= Collected material =
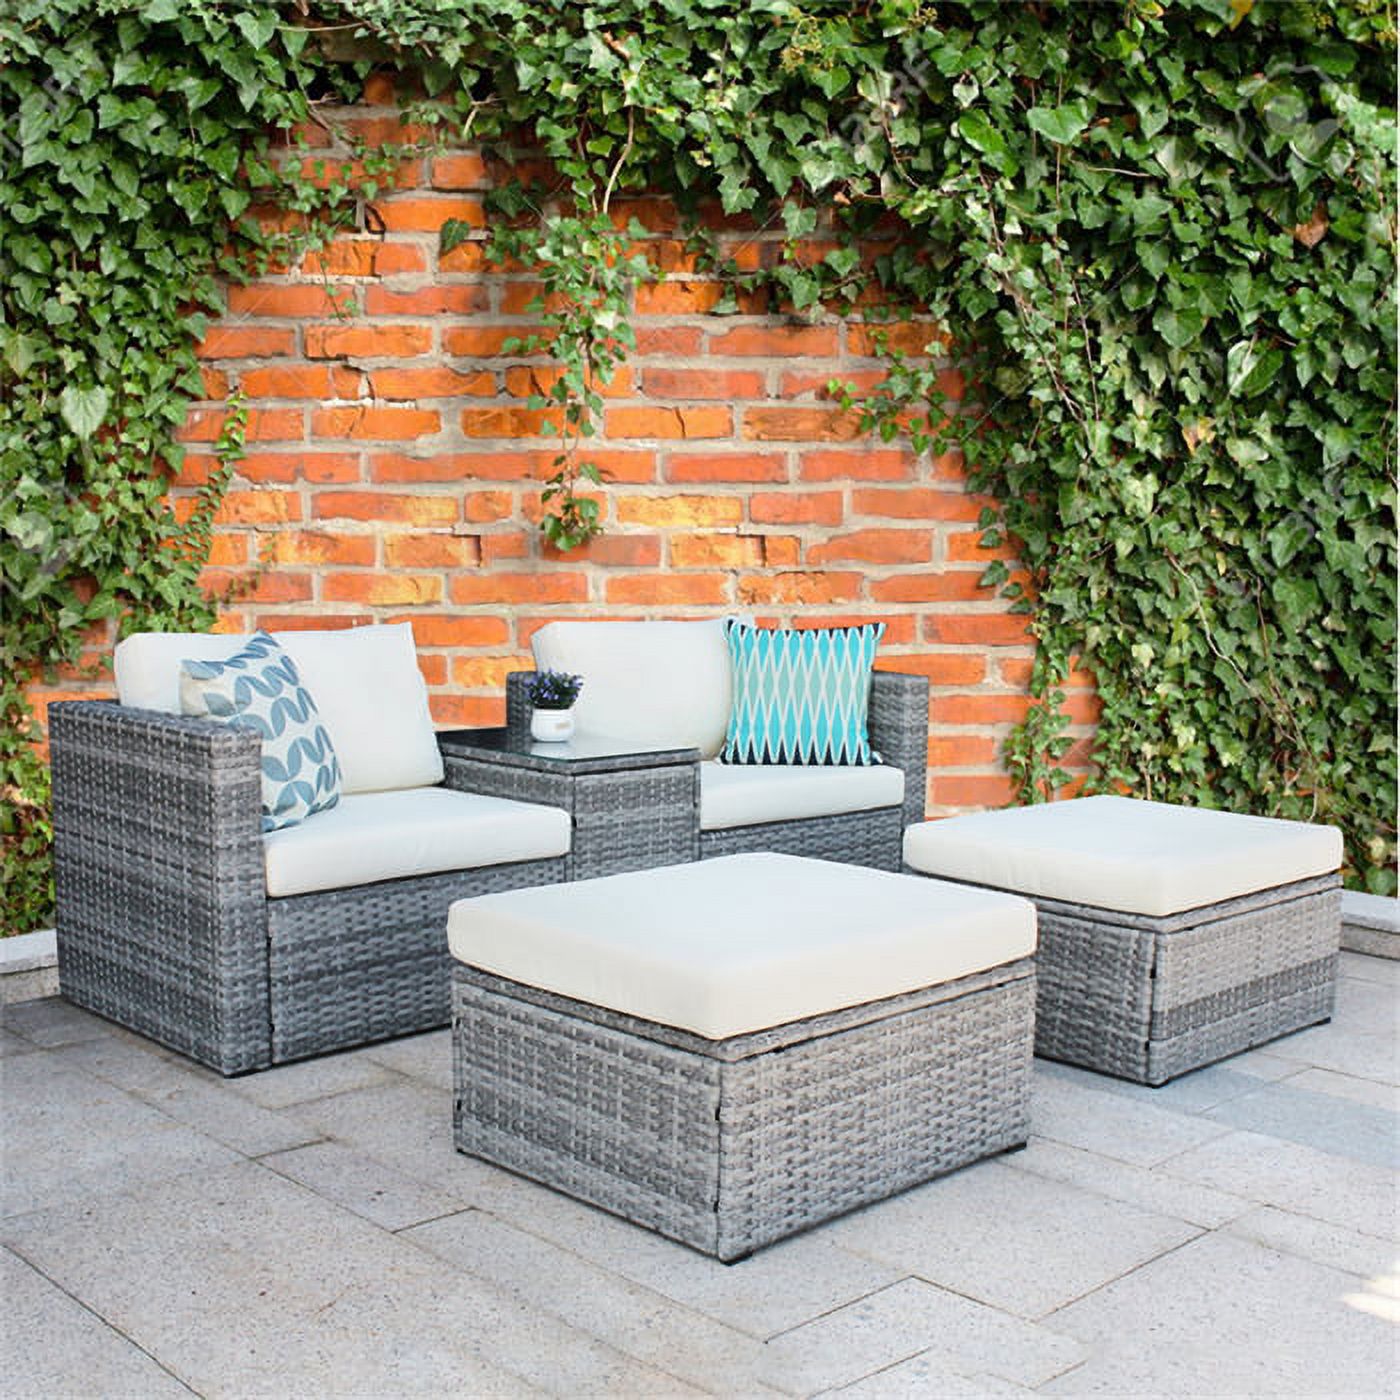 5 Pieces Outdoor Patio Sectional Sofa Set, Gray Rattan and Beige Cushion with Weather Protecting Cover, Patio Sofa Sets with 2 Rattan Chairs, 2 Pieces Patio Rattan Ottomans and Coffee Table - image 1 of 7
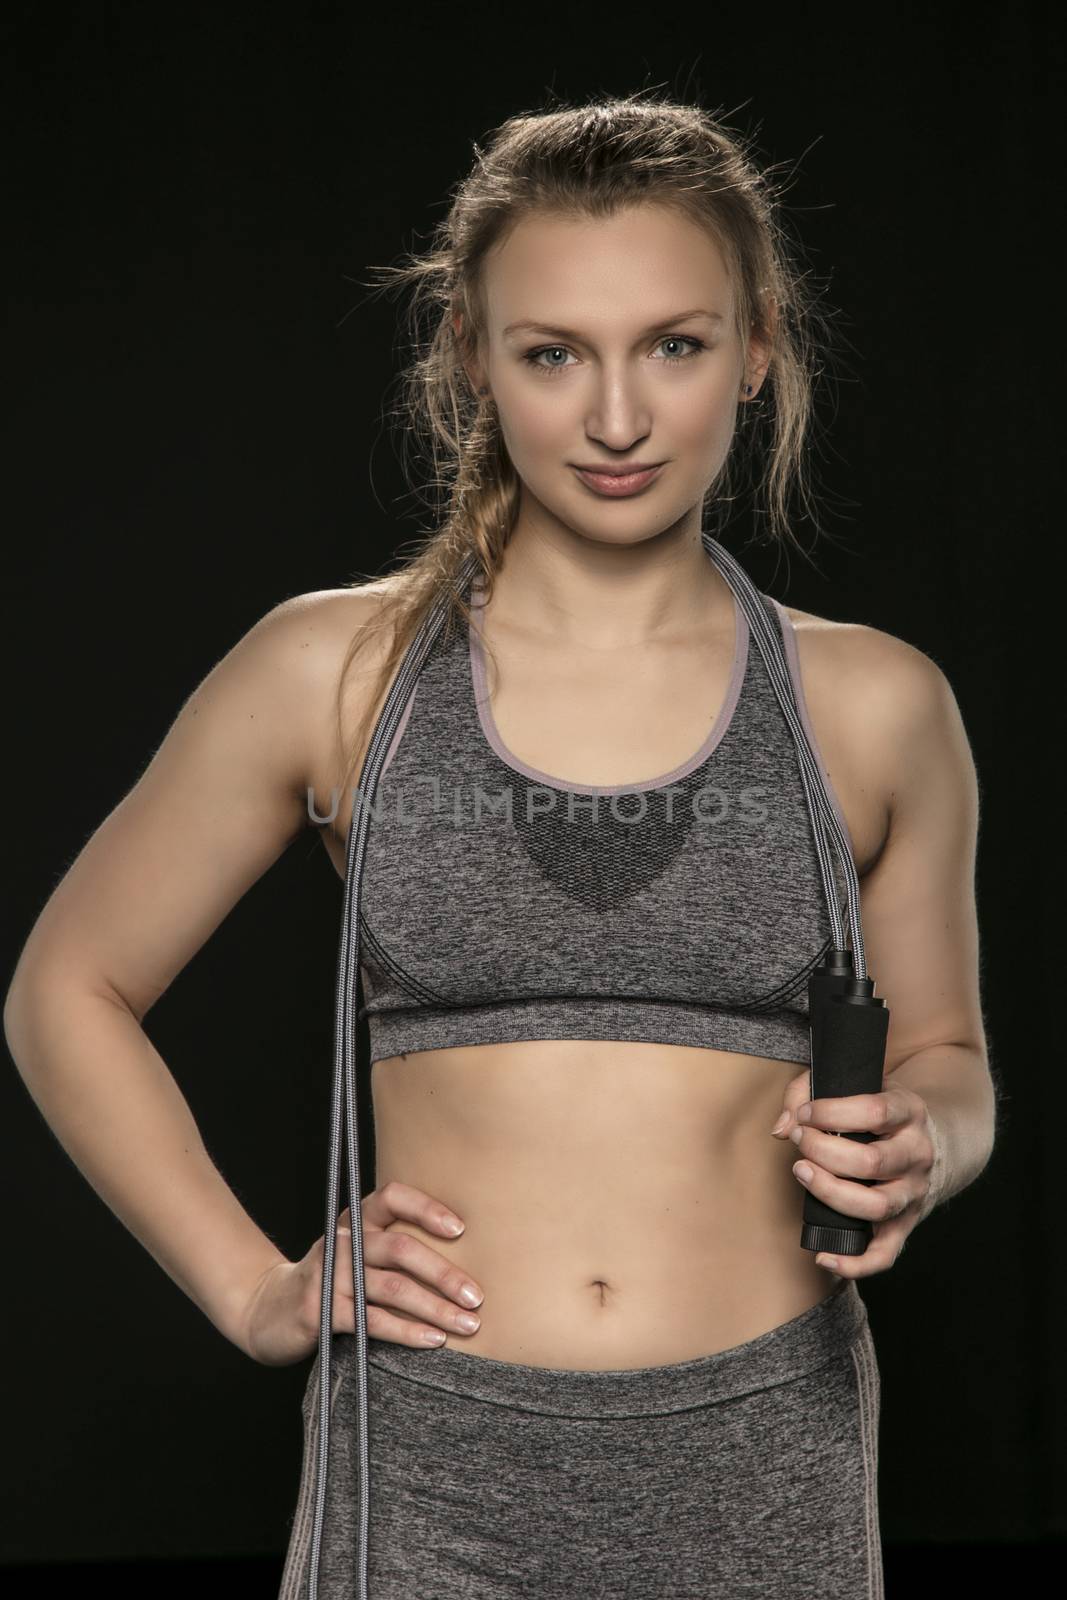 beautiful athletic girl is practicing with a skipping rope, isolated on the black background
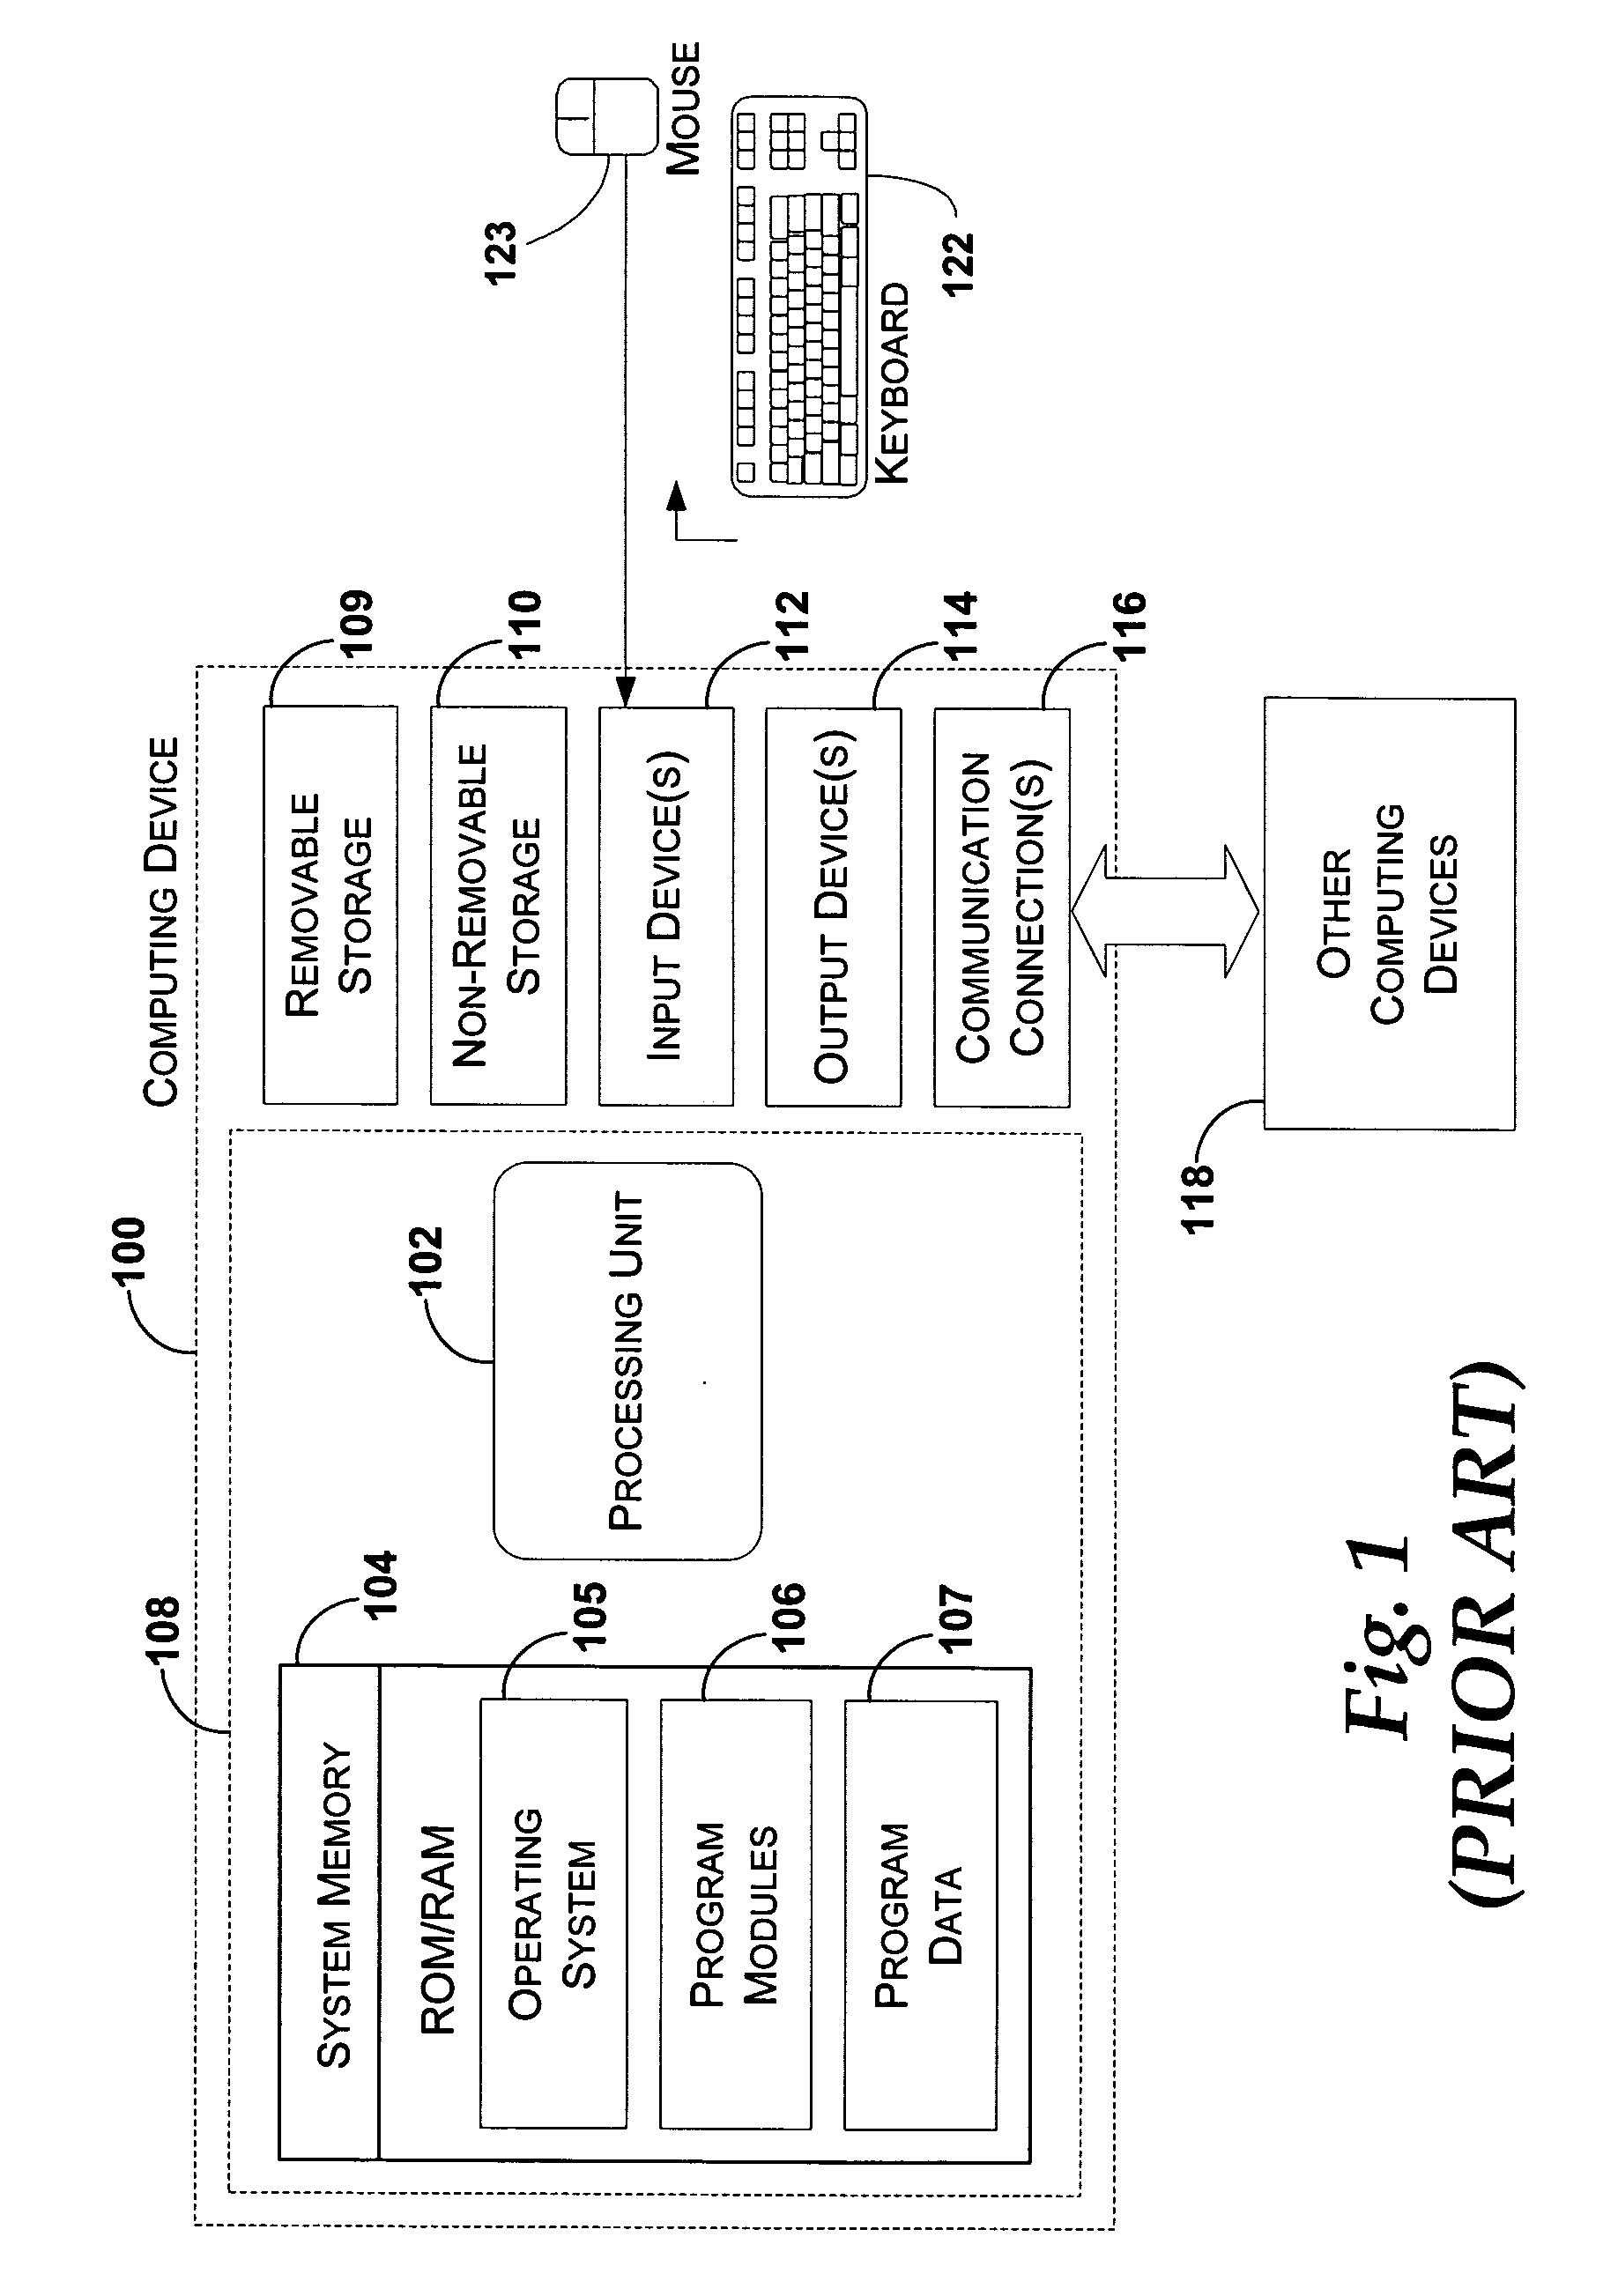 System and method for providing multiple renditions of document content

= Task directions =
Retype the listing verbatim, minus every image.

= Result of the exercise =
 5 Pieces Outdoor Patio Sectional Sofa Set, Gray Rattan and Beige Cushion with Weather Protecting Cover, Patio Sofa Sets with 2 Rattan Chairs, 2 Pieces Patio Rattan Ottomans and Coffee Table - image 1 of 7
 beautiful athletic girl is practicing with a skipping rope, isolated on the black background
 System and method for providing multiple renditions of document content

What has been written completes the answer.